Poor performance in the 5‐chair stand test (5‐CST) indicates reduced lower limb muscle strength. The 5‐CST has been recommended for use in the initial assessment of sarcopenia, the accelerated loss of muscle strength and mass. In order to facilitate the use of the 5‐CST in sarcopenia assessment, our aims were to (i) describe the prevalence and factors associated with poor performance in the 5‐CST, (ii) examine the relationship between the 5‐CST and gait speed, and (iii) propose a protocol for using the 5‐CST.

Methods

The population‐based study Cognitive Function and Ageing Study II recruited people aged 65 years and over from defined geographical localities in Cambridgeshire, Newcastle, and Nottingham.
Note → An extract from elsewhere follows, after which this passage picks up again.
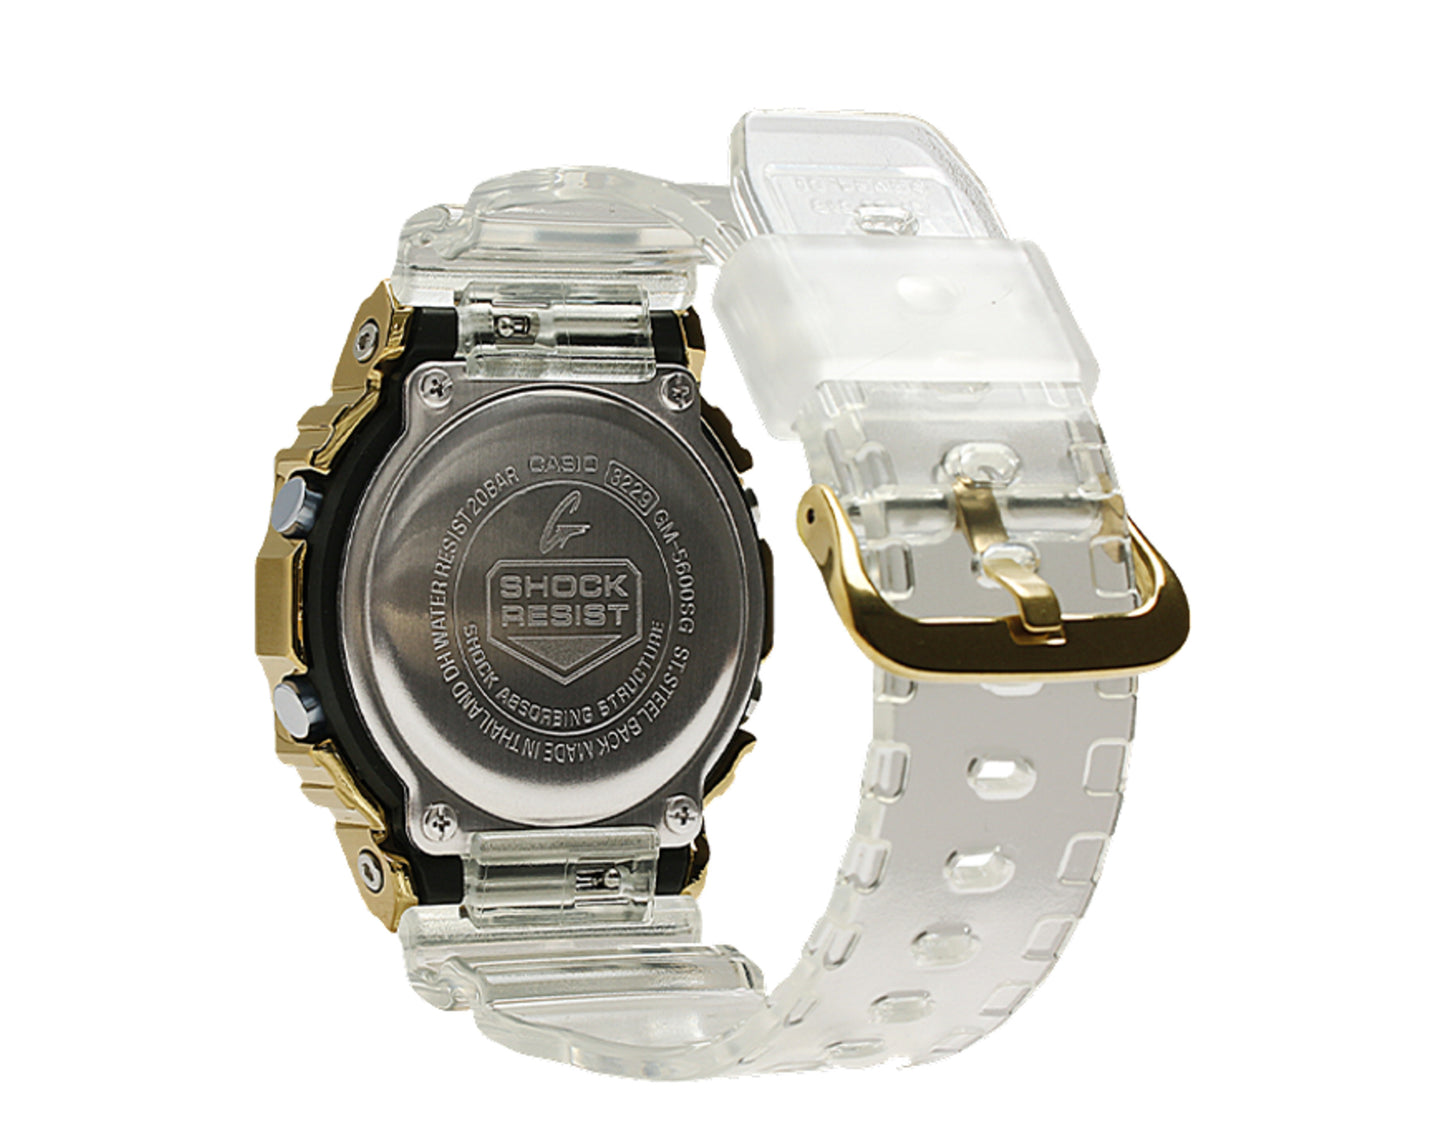 Casio G-Shock GM5600SG GOLD INGOT Digital Metal and Resin Men's Watch

The study collected data for assessment of functional ability during home visits, including the 5‐CST and gait speed. We used multinomial logistic regression to assess the associations between factors including the SARC‐F questionnaire and the category of 5‐CST performance: fast (<12 s), intermediate (12–15 s), slow (>15 s), or unable, with slow/unable classed as poor performance. We reviewed previous studies on the protocol used to carry out the 5‐CST.

Results

A total of 7190 participants aged 65+ from the three diverse localities of Cognitive Function and Ageing Study II were included (54.1% female). The proportion of those with poor performance in the 5‐CST increased with age, from 34.3% at age 65–69 to 89.7% at age 90+. Factors independently associated with poor performance included positive responses to the SARC‐F questionnaire, physical inactivity, depression, impaired cognition, and multimorbidity (all P < 0.005). Most people with poor performance also had slow gait speed (57.8%) or were unable to complete the gait speed test (18.4%). We found variation in the 5‐CST protocol used, for example, timing until a participant stood up for the fifth time or until they sat down afterwards.

Conclusions

Poor performance in the 5‐CST is increasingly common with age and is associated with a cluster of other factors that characterize risk for poor ageing such as physical inactivity, impaired cognition, and multimorbidity. We recommend a low threshold for performing the 5‐CST in clinical settings and provide a protocol for its use.

Details

Title
Prevalence and factors associated with poor performance in the 5‐chair stand test: findings from the Cognitive Function and Ageing Study II and proposed Newcastle protocol for use in the assessment of sarcopenia
Author
Dodds, Richard Matthew 1 ; Murray, James C 1 ; Granic, Antoneta 1 ; Hurst, Christopher 1 ; Uwimpuhwe, Germaine 2 ; Richardson, Sarah 1 ; Brayne, Carol 3 ; Matthews, Fiona E 4 ; Sayer, Avan A 1 

 AGE Research Group, Translational and Clinical Research Institute, Faculty of Medical Sciences, Newcastle University, Newcastle, UK; NIHR Newcastle Biomedical Research Centre, Newcastle University and Newcastle upon Tyne NHS Foundation Trust, Newcastle, UK 
 Department of Anthropology, Durham University, Durham, UK; Durham Research Methods Centre, Durham University, Durham, UK 
 Cambridge Public Health, School of Clinical Medicine, University of Cambridge, Cambridge, UK 
 Population Health Sciences Institute, Faculty of Medical Sciences, Newcastle University, Newcastle, UK 
Pages
308-318
Section
Original Articles
Publication year
2021
Publication date
Apr 2021
Publisher
John Wiley & Sons, Inc.
ISSN
21905991
e-ISSN
21906009
Source type
Scholarly Journal
Language of publication
English
ProQuest document ID
2516183590
Copyright
© 2021. This work is published under http://creativecommons.org/licenses/by/4.0/ (the “License”). Notwithstanding the ProQuest Terms and Conditions, you may use this content in accordance with the terms of the License.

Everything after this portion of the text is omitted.